Welcome to this week’s round-up where we take a look at Amazon’s biggest shopping day ever, Amazon Pay being introduced at physical brick-and-mortar stores, eBay’s trademark ruling and more!
Is Amazon readying to pounce post Brexit?
According to the Food and Drink Federation all available frozen and chilled storage space, which could be used to stockpile food in the event of a no-deal Brexit, has been taken. An inquiry by MPs has been told that the available space has been picked off by Amazon, with Food and Drink Federation chief executive Ian Wright stating: “what we don’t know is whether there is actual product in those places.” If true, this would signal a huge sign of intent from Amazon about pushing its food and drink offerings. Limited storage space for frozen and chilled goods could inevitably lead to higher storage costs which in turn would likely result in higher prices for consumers, however, this could be what Amazon is planning for. It could give Amazon a significant advantage if it can keep its own costs down and pass savings on to the consumer.
Amazon says it had its biggest shopping day ever on Cyber Monday
This year’s Cyber Monday has proved to be the biggest shopping day ever for Amazon in terms of the number of units sold. Amazon is remaining tight-lipped on exact figures on units and sales, only stating that it had had its biggest shopping day ever. Amazon has said that over the Black Friday weekend (from Thanksgiving on the Thursday to Cyber Monday) more than 180 million units were ordered by customers. We won’t know exact figures for the fourth quarter until Amazon reports earnings in the new year, but in its third-quarter earnings report, it estimated revenue for the holiday season to range from $66.5 billion to $72.5 billion.
Amazon also stated that small and medium-sized businesses ‘grew sales over 20 percent on Black Friday year-over-year’ but once again didn’t release any specific figures to quantify the claim.
Alexa can tell you when the last post is this Christmas!

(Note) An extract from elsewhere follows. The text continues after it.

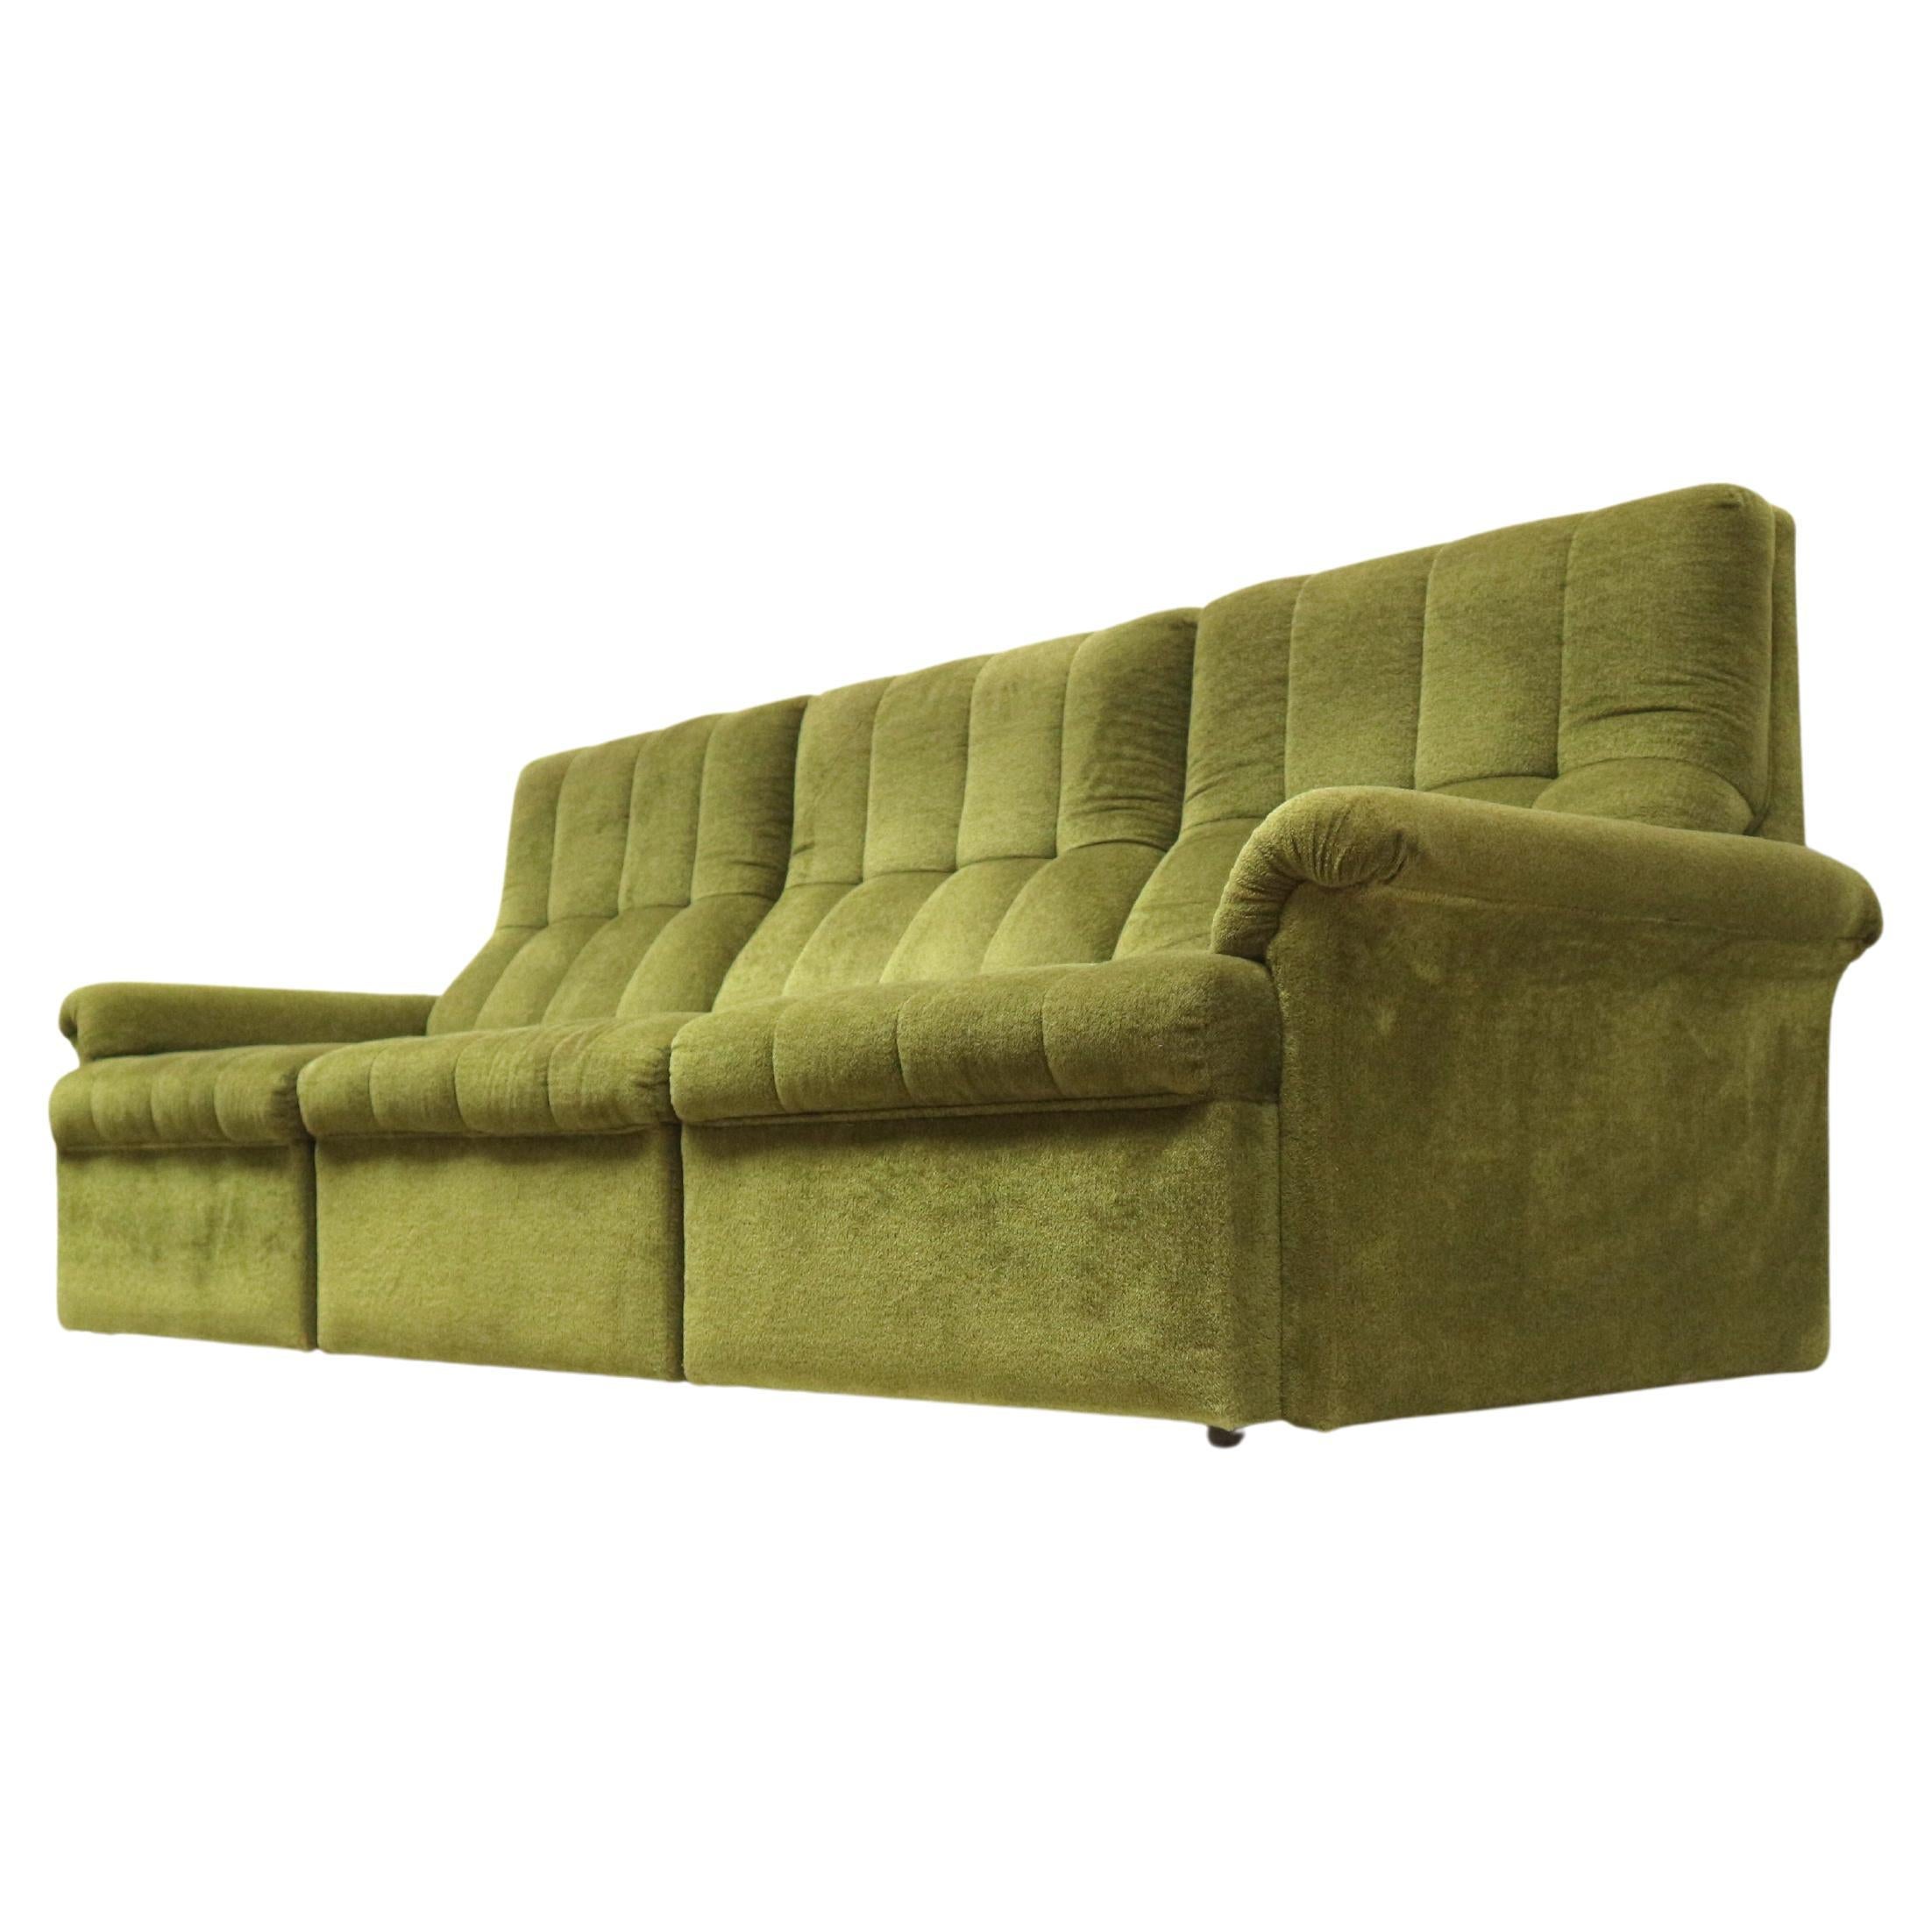 How can you tell if a couch is vintage?

Customers will be able to ask Alexa when the last posting dates are for Christmas for the first time ever. It is hoped that the Royal Mail last posting dates Alexa skill will help to encourage more people to post by the correct date, which in turn will help postmen and women during the inevitably busy Christmas period. The skill will provide info for last posting dates anywhere in the world, including to armed forces overseas via the British Forces Post Office, helping to ensure that cards and presents are delivered in time for Christmas. Ben Rhodes, Director of Group Marketing at Royal Mail has said: “We are always looking for new and innovative ways to remind people of the last posting dates to every destination in the world and for the UK’s own last posting dates, Alexa fitted the bill.”
Amazon Pay being introduced to physical brick-and-mortar stores
It has been announced in the US that Amazon Pay is going to introduce its digital wallet payments at petrol stations, restaurants and brick-and-mortar stores. The e-commerce giant is currently working to persuade merchants to accept its digital wallet, which if successful would expand the service which is currently primarily used for online purchases. It is reported that Amazon Pay will be introduced in physical places which won’t present competition to their offering. What remains unclear is whether shoppers will be able to simply tap a contactless terminal (i.e. Apple Pay) or whether it would utilise a scan-as-you-go format.

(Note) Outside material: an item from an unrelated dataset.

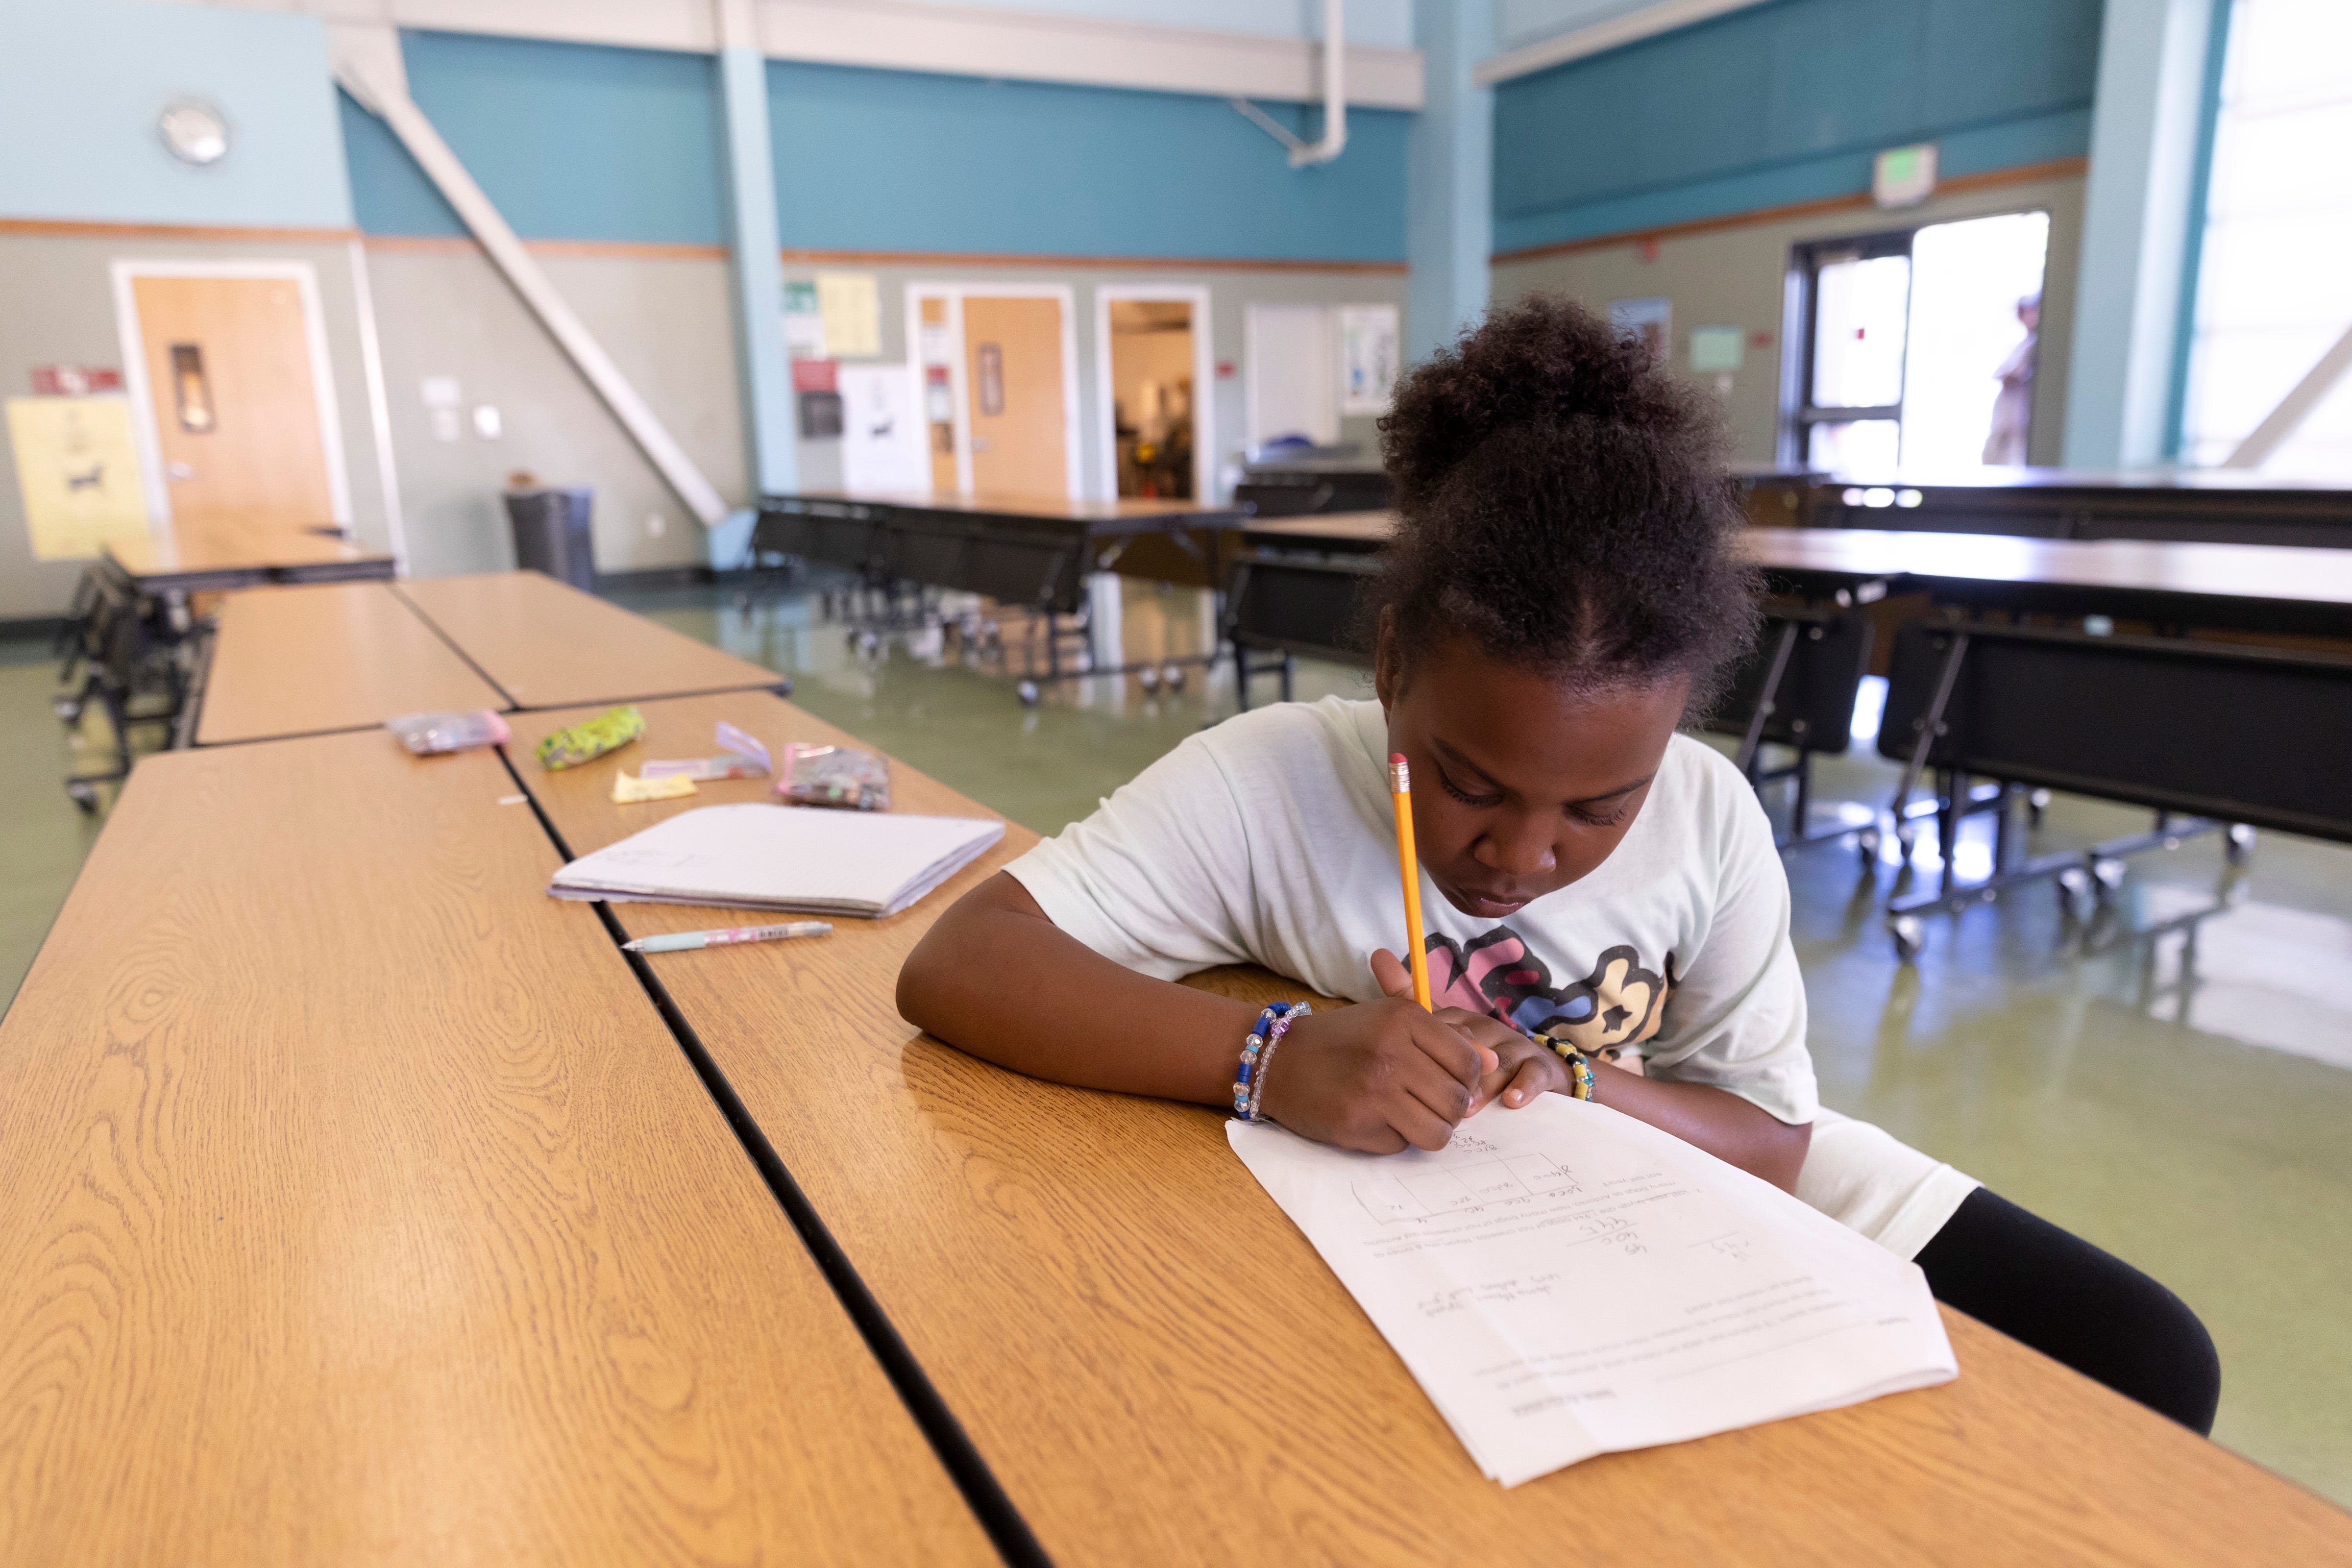 Jada Alexander works on her math homework in the cafeteria after school at Nystrom Elementary in Richmond, Calif.

eBay lose trademark case against UKBAY
eBay has lost a trademark case against UKBAY and has also been ordered to pay costs as a result. eBay had contested SC ZuMedia Games’ application to register UKBAY under its own EU trademark numbers (for EBAY and BAY). The UK Intellectual Property Office (IPO) riled against eBay on the basis that there were stylistic differences, a circular pattern and also the UK element. In its findings the IPO stated: “the contested mark is unlikely to be mistaken for the earlier sign and there is no likelihood that a “substantial number” of the opponent’s customers or potential customers will be deceived, even where the field of activity is the same. Consequently, use of the contested mark would not constitute a misrepresentation to the public.’